Market players were expecting that in order to achieve this goal the country would apply dumping strategy pushing oil prices further down. It did not happen because the relations between the USA and Iran remained strained and in May 2018 President Trump announced that the USA quits the Iran nuclear deal.

4.7. Slowdown of China’s economic development

This is a very important factor, which actually raises red flags for the global economy. There were a growing number of pessimistic forecasts of China’s further economic development. For instance, in 2014 Fitch rating agency warned that a sharp slowdown in China's GDP growth rate to 2.3

percent during 2016-2018 would keep commodity prices low for longer than expected period of time. This forecast did not materialize either. Vice versa, in January 2018 the International Monetary Fund raised its forecast for China's economic growth in 2018 to 6.6%, up from the 6.5-percent prediction made in October 2017.

4.8. Political instability

Growing political instability in the world, which initially pushed oil prices up, then forced oil importing countries to reduce their dependence on foreign energy supplies. This is yet another market driver and yet another expectation, which decreased global oil prices.

In any case, we should not underestimate the uncertainty of the oil market, which has many times shown that most of expectations regarding it behavior appear to be wrong. This issue has been studied by many authors, for example Allsopp and Fattouh (2011) point out that “In the longer term, the uncertainties remain very great, especially since the tensions between a realist view of likely energy-market developments and the imperatives of the climate change agenda remain unresolved”, but the current paper does not concentrate on this issue. The same view is shared by US Energy Information Administration (2016) “Expectations for future world oil prices are another key source of uncertainty in the IEO2016 projections” and Baumeister and Kilian (2016a) “Although our understanding of historical oil price fluctuations has greatly improved, oil prices keep surprising economists, policymakers, consumers and financial market participants.”

In normal times, the broad effects of the oil price drop on the global economy are well known. It should act as an international stimulus that will nevertheless redistribute heavily from oil producing countries to consumers and the longer the new prices endure; the more profound will be the effects on the structure of industries across the world. Examples of such effects may be the increase of global economic growth and removal of fossil fuel subsidies.

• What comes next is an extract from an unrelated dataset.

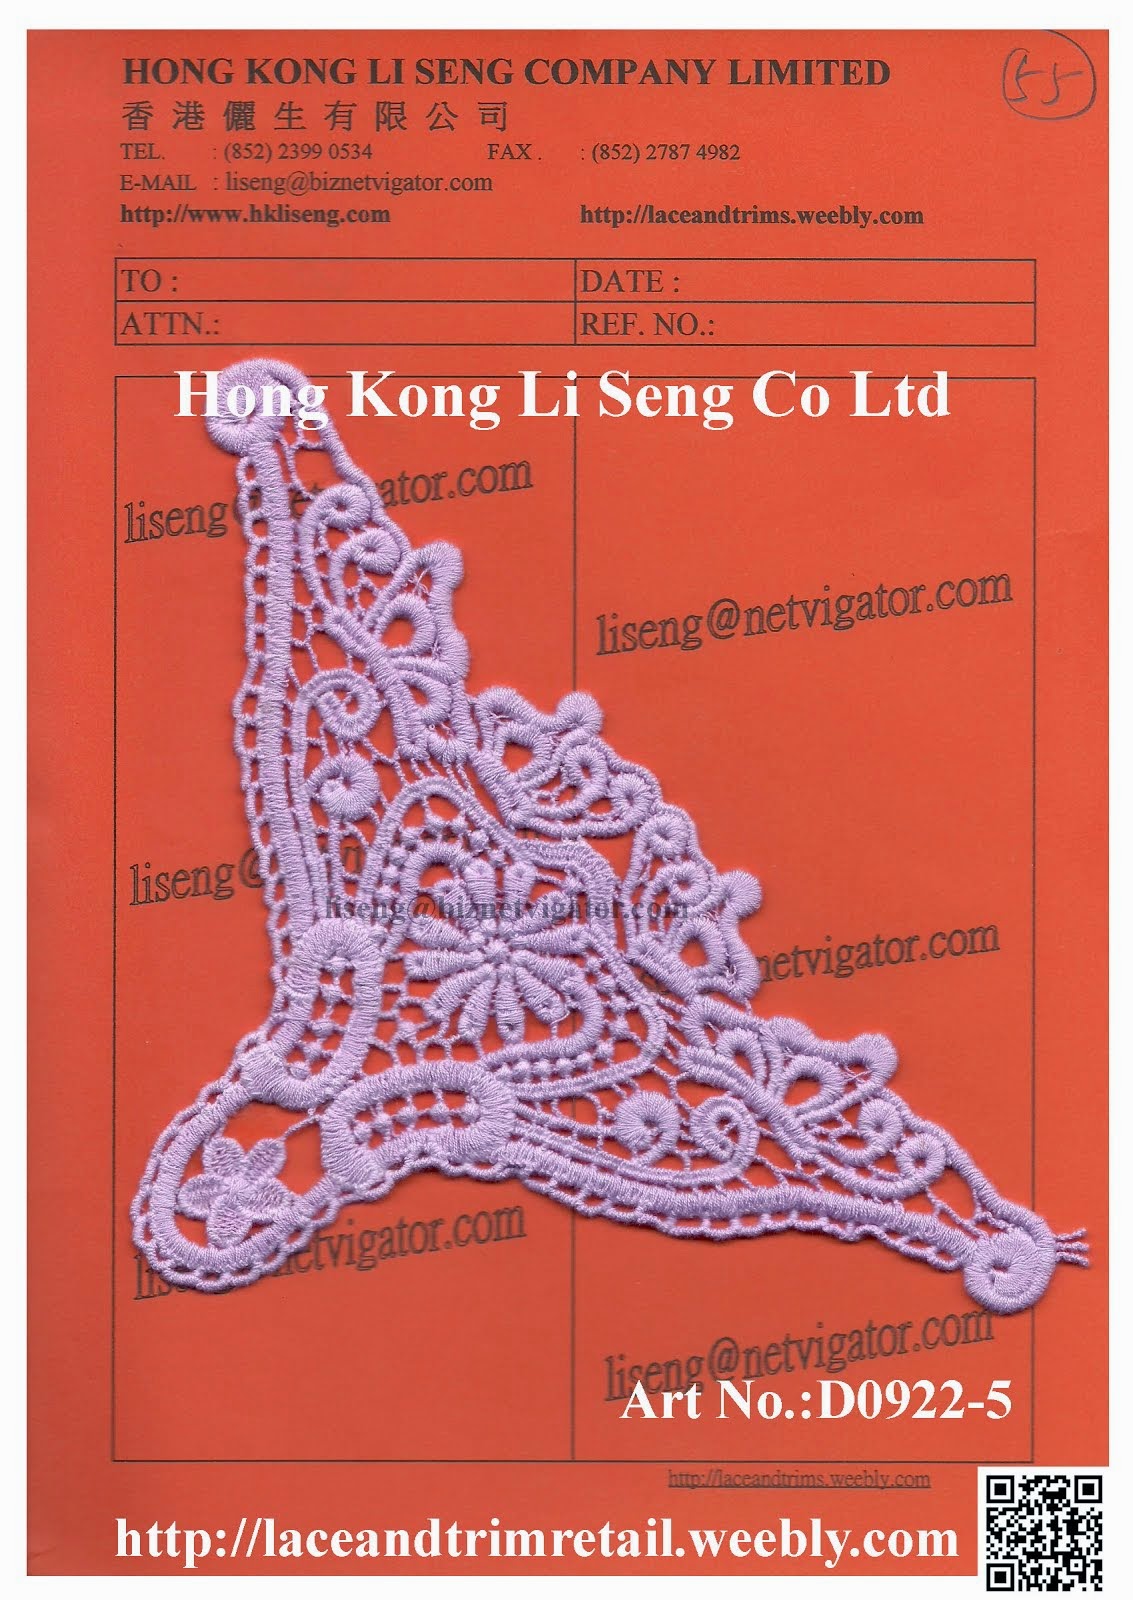 Lace and Trim Sample Retail Store
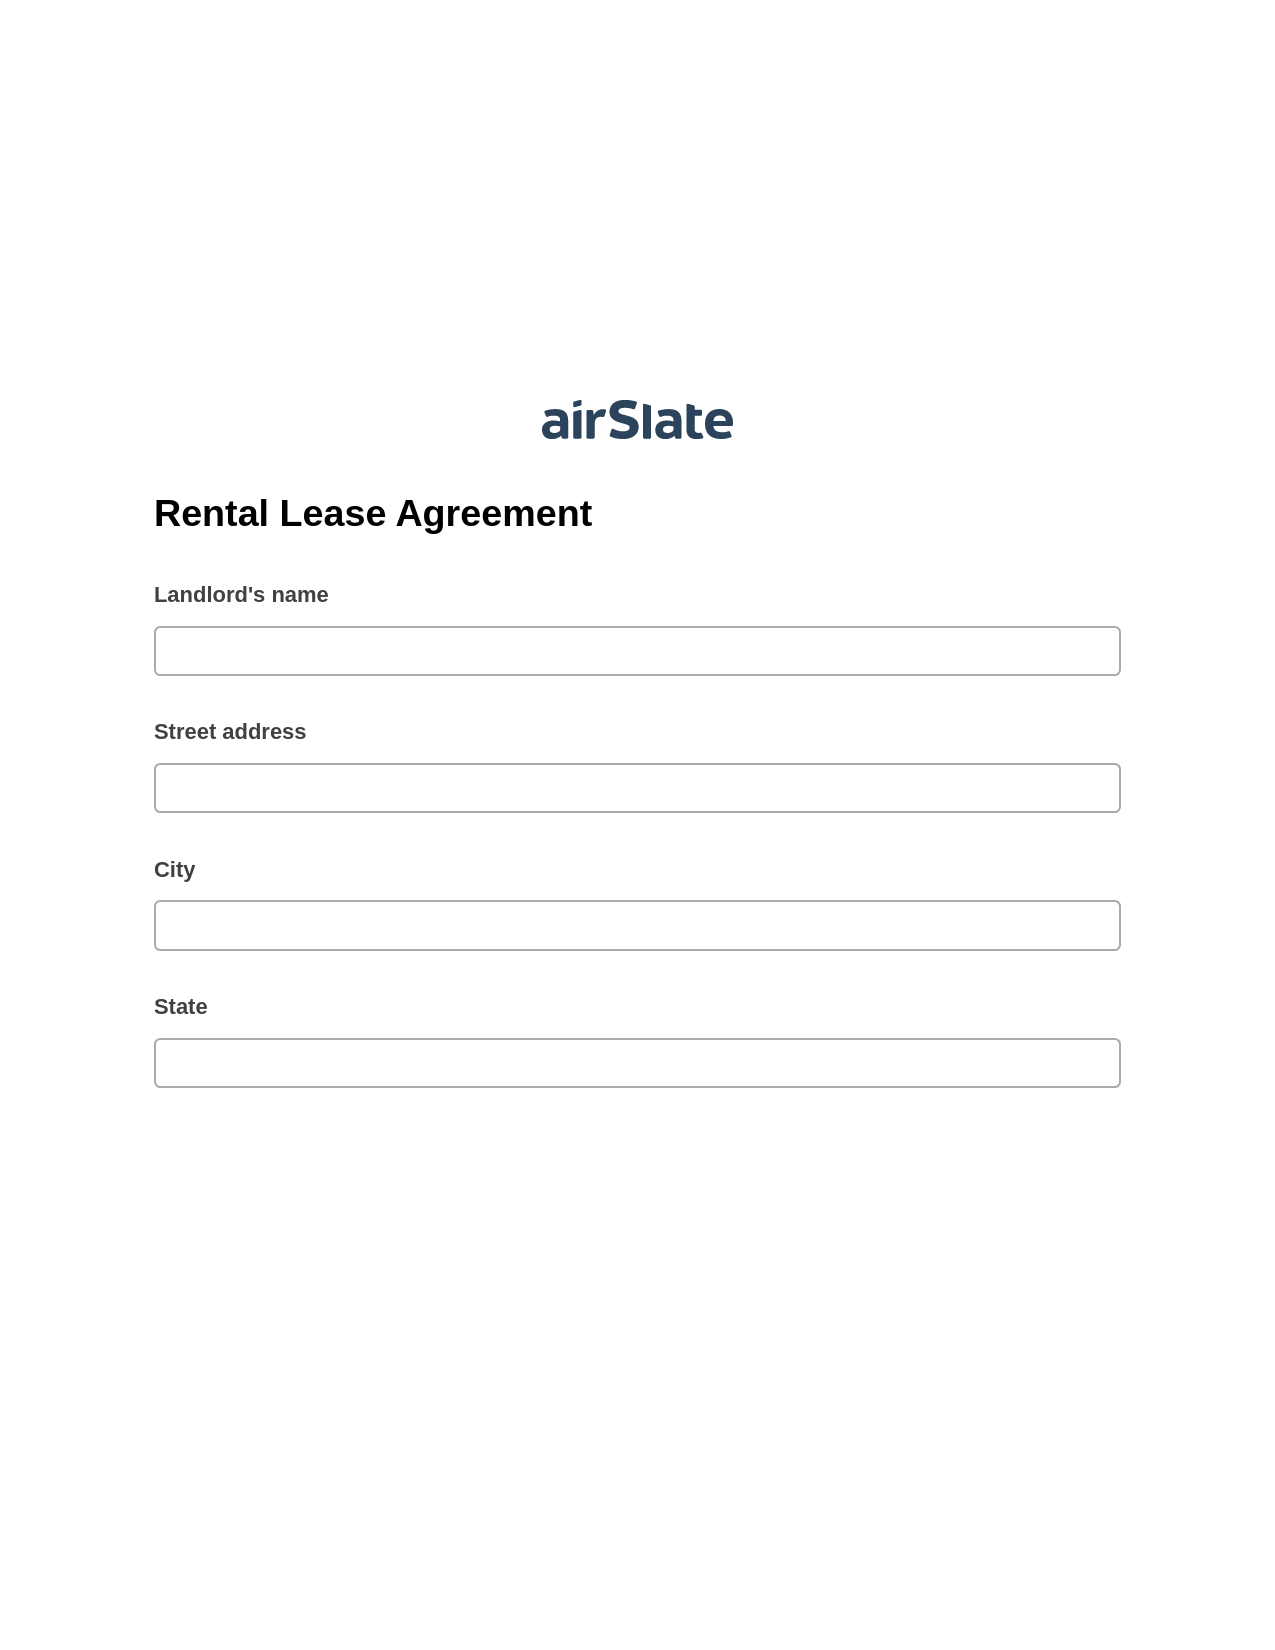 Rental Lease Agreement Pre-fill Slate from MS Dynamics 365 Records Bot, Jira Bot, Export to Smartsheet

But this time, economists are actively debating whether the world has changed and other moving parts - such as falling inflation levels and the strong dollar - will affect the usual economic relationships. This time there are more voices than usual suggesting expectations of a global boost are deceptive.

“Stephen King, chief economist of HSBC, believes lackluster demand in China, Japan and Europe over the summer of 2014 was the primary cause of the collapse in prices so the traditional “lower oil prices good: higher oil prices bad” story is “no longer so obviously true”. He then argues that optimism following an oil price fall in economic estimations is based on positive supply-side developments for the western developed world, but “there are plenty of situations where falling oil prices are merely symptoms of a wider malaise”5. There is one more, probably the most important point to be taken into consideration: we have mostly extracted the cheapest-to-extract oil. It takes more and more human efforts, capital, etc. to produce a given number of barrels of oil equivalent. It is expected further growth of oil production costs in the future. However, the uncertainties surrounding the oil market prevent from making any serious projection about oil prices.